Apache Hadoop HA Configuration

Disclaimer: Cloudera no longer approves of the recommendations in this post. Please see this documentation for configuration recommendations.

One of the things we get a lot of questions about is how to make Hadoop highly available. There is still a lot of work to be done on this front, but we wanted to take a moment and share the best practices from one of our customers. Check out what Paul George has to say about how they keep thier NameNode up at ContextWeb. – Christophe

Here at ContextWeb, our Apache Hadoop infrastructure has become a critical part of our day-to-day business operations. As such, it was important for us to find a way to resolve the single-point-of-failure issue that surrounds the master node processes, namely the NameNode and JobTracker. While it was easy for us to follow the best practice of offloading the secondary NameNode data to an NFS mount to protect metadata, ensuring that the processes were constantly available for job execution and data retrieval were of greater importance. We’ve leveraged some existing, well tested components that are available and commonly used in Linux systems today. Our solution primarily makes use of DRBD from LINBIT and Heartbeat from the Linux-HA project. The natural combination of these two projects provides us with a reliable and highly available solution, which addresses limitations that currently exist.

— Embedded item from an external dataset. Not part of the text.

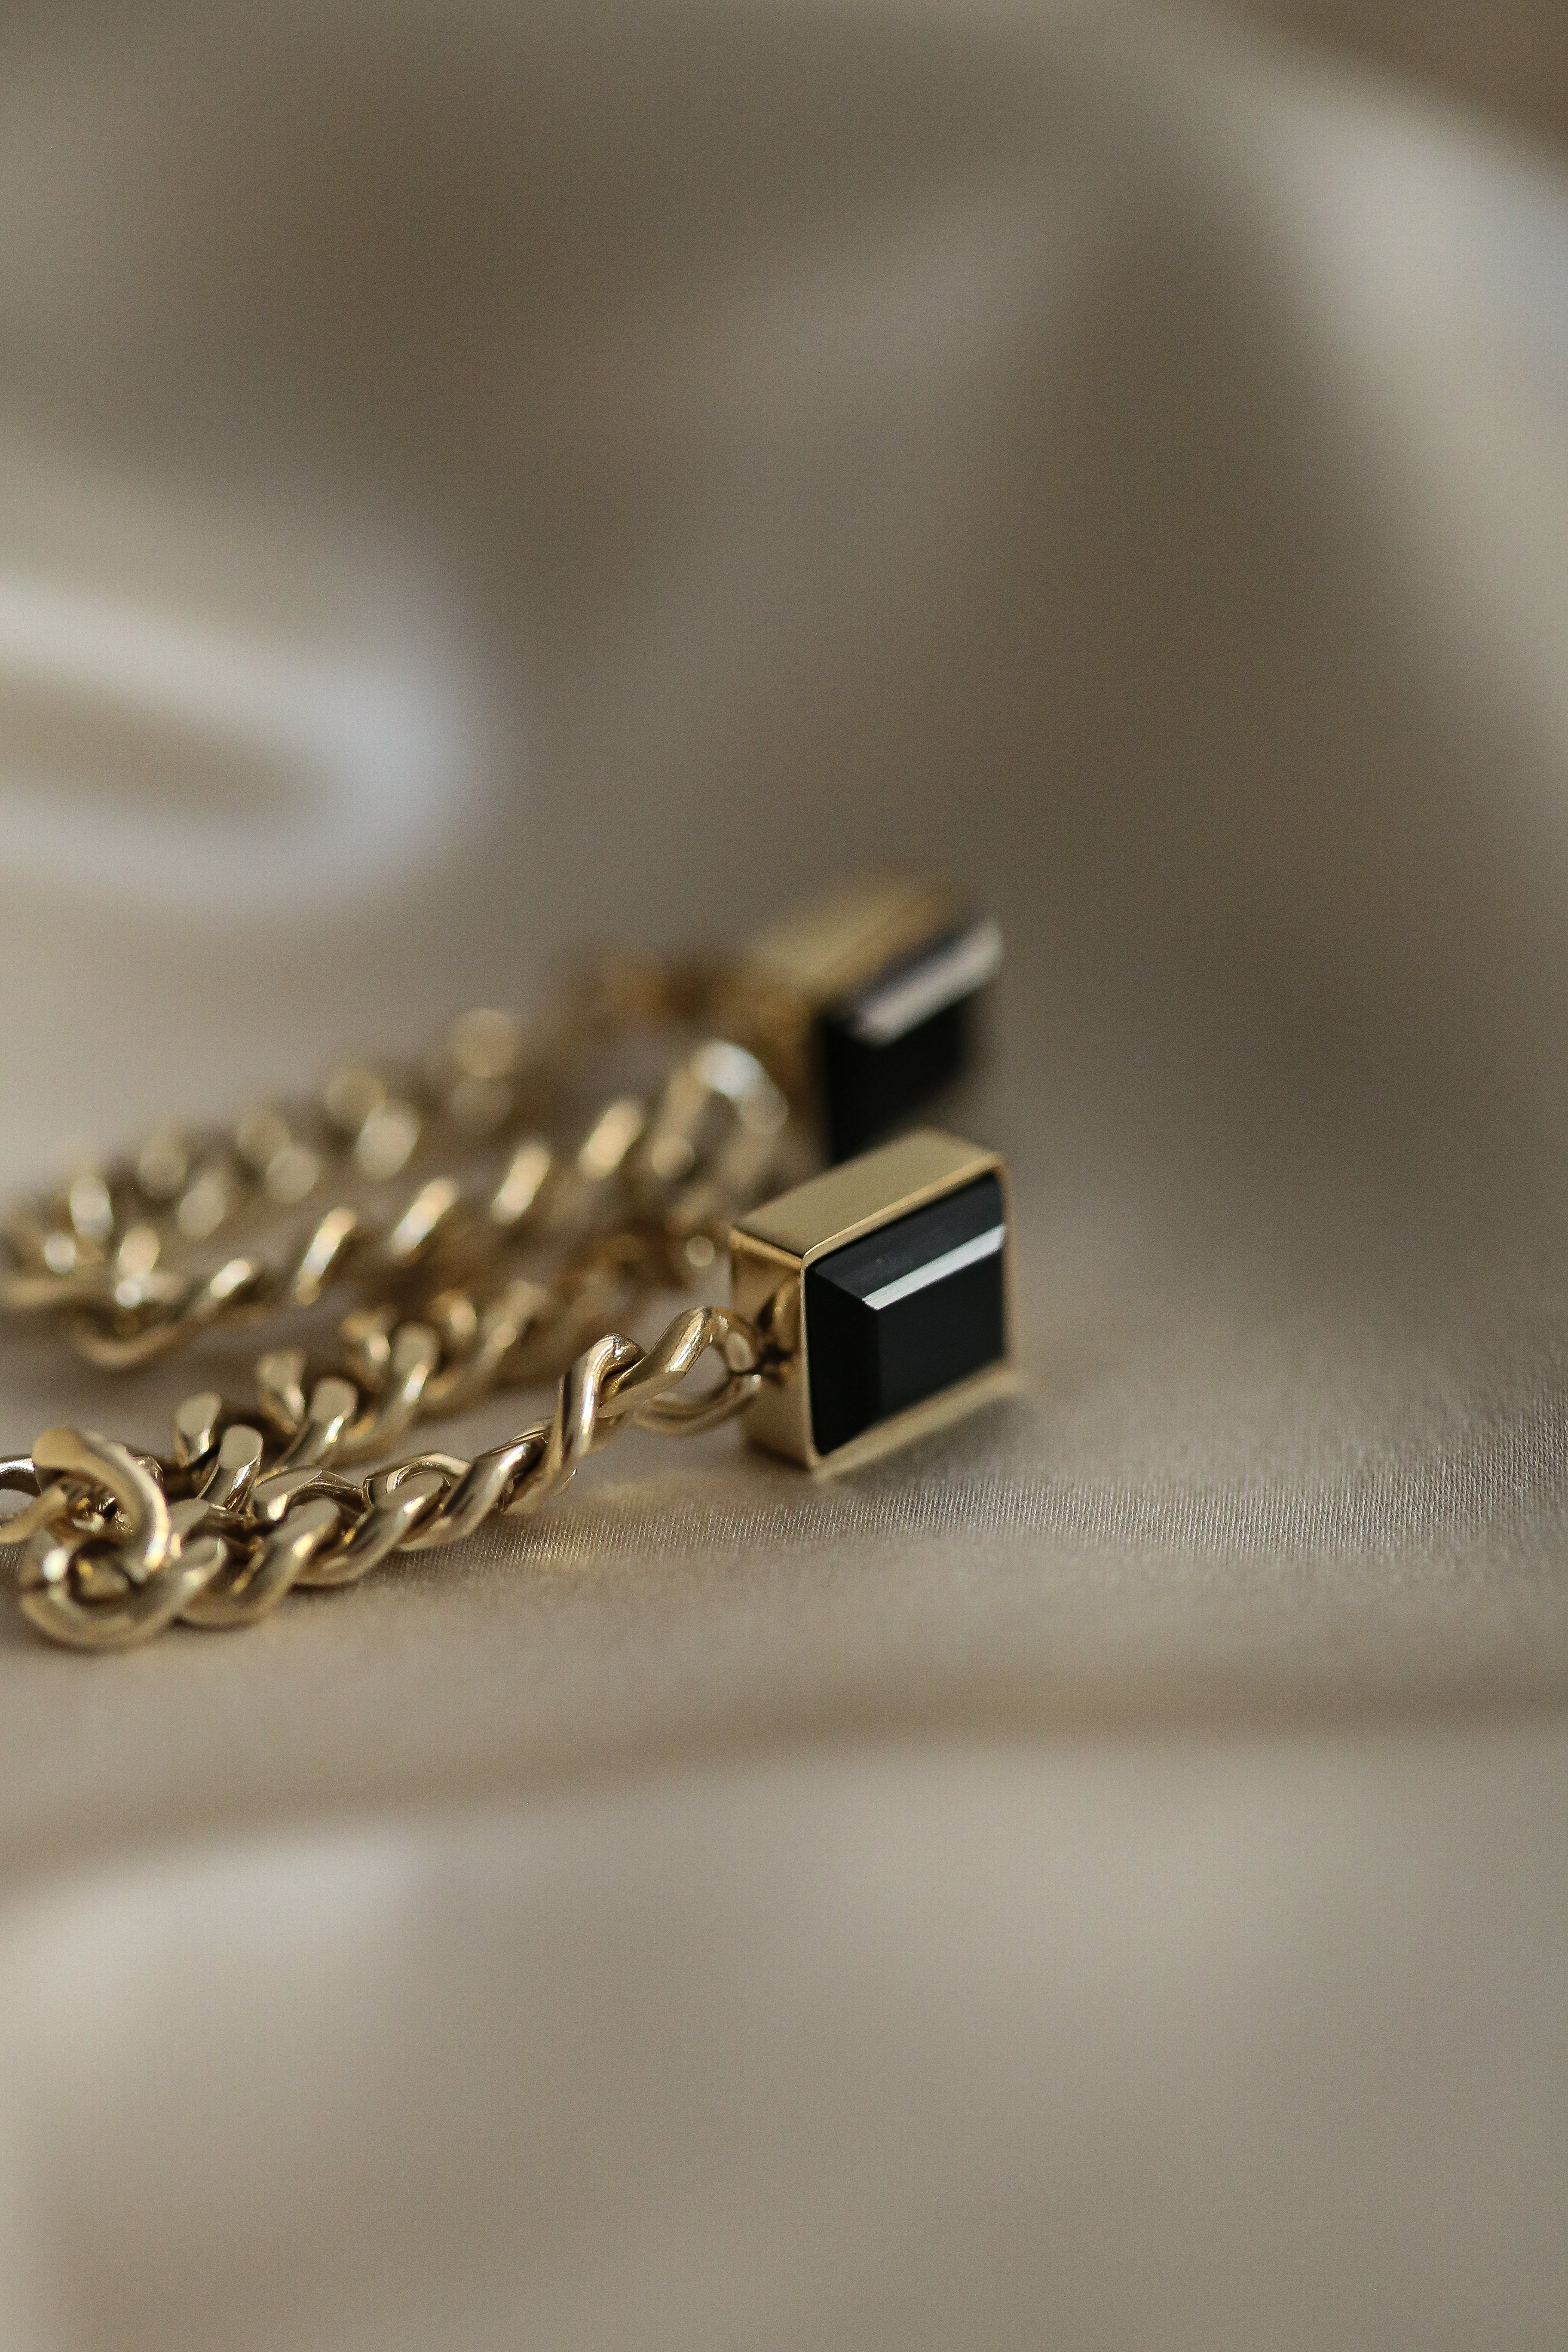 Odette Earrings - Boutique Minimaliste has waterproof, durable, elegant and vintage inspired jewelry

While one could conceivably expand the use of these two projects to much deeper levels of protection, the goal of this post is to provide a basic working configuration as a starting point for further experimentation and tuning. There may be variations with regards to what works with your distribution or which requirements your organization has for SLAs and HA standards. These instructions are most relevant to CentOS 5.3 combined with Cloudera’s Distribution for Hadoop, since that’s what we run in our production environment.

Hadoop Environment

Each of our master nodes has the following hardware specifications:

Dell PowerEdge 1950, 2x Quad Core Intel Xeon E5405 CPUs @ 2.0GHz, 16GB RAM, 2x 300GB 15k RPM SAS disks, RAID 1. 100GB of the available drive space is reserved for the DRBD volume, which will contain Hadoop’s data.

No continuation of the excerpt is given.